Second, worker-level data are provided by the Integrated Database for Labor Market Research (IDA) which covers the entire Danish working population over the period 1980 to 2011. Importantly, IDA provides information on each individual's country of birth, which allows us to measure the immigrant share of the workforce within a municipality. In addition, IDA provides a number of useful workforce characteristics such as education, age, tenure, gender, and work experience of employees. Using the Firm-Integrated Database for Labor Market Research (FIDA), every worker in IDA is linked to every firm in the FirmStat data using a unique identifier. This generates an employer-employee matched data set covering the universe of private-sector firms and the population of Danish workers.

Third, trade data come from the Foreign Trade Statistics Register and consist of two parts, the Intrastat (within EU trade) and the Extrastat (trade with non-EU countries). Import data measured at the firm level for the years 1995 to 2011 are used to construct our offshoring measure and offer immediate advantages over industry-level trade data often used in the literature. Furthermore, firm-level trade data are available by foreign country and detailed product level (eight-digit Combined Nomenclature), which is useful for our bilateral and industry-level analyses. The Foreign Trade Statistics data are linked to the FirmStat and FIDA data using the same unique firm identifier.

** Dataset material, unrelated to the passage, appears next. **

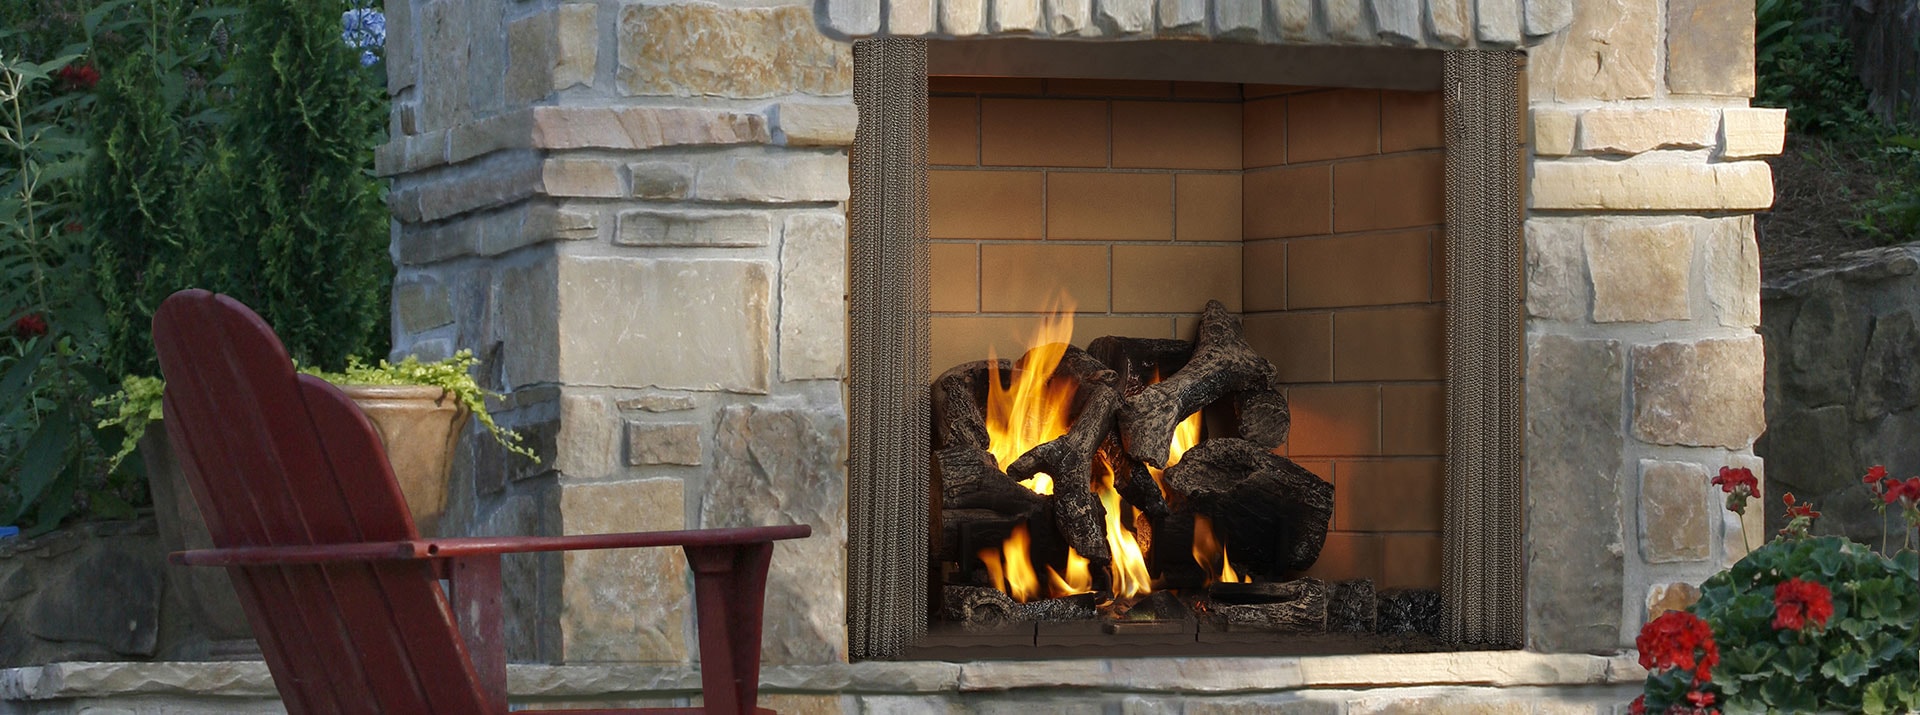 Preway Fireplace Fresh Outdoor Fireplaces Wood Burning

Combining these different data sources generates an unbalanced panel of approximately 35,000 firms and 1 million workers, spanning 70 different industries and 97 Danish municipalities over the period 1995 and 2011.14 The ability to link firm-level trade data with an employer-employee matched data set is appealing.

### C. Immigration

We begin by calculating the share of foreign-born workers in Denmark and document how this has evolved. Figure 1 shows that in 1993, the immigrant share of the workforce in Denmark was about 3%, but by 2011, it had increased to almost 7%. The fact that the share of foreign workers more than doubled in Denmark in a relatively short period represents a unique opportunity to examine the economic implications of immigration.
Figure 1.

Foreign-Born Share in Denmark by Area of Origin

Share of migrant workers by area of origin calculated using data from Danish Integrated Database for Labor Market Research.

Figure 1.

Foreign-Born Share in Denmark by Area of Origin

Share of migrant workers by area of origin calculated using data from Danish Integrated Database for Labor Market Research.

Our empirical analysis focuses on non-EU15 immigrants, who for a number of reasons are an appealing segment of the immigrant population to study.15 First, figure 1 shows that all of the increase in immigration over this period is driven by an influx of foreign workers from non-EU countries, while EU immigration has remained relatively flat. For instance, in 1993, EU and non-EU immigrants had roughly the same share of the workforce (1.5%), but by the end of our sample, the non-EU immigrant share was almost four times larger than the EU share (about 5.5% compared to 1.5%).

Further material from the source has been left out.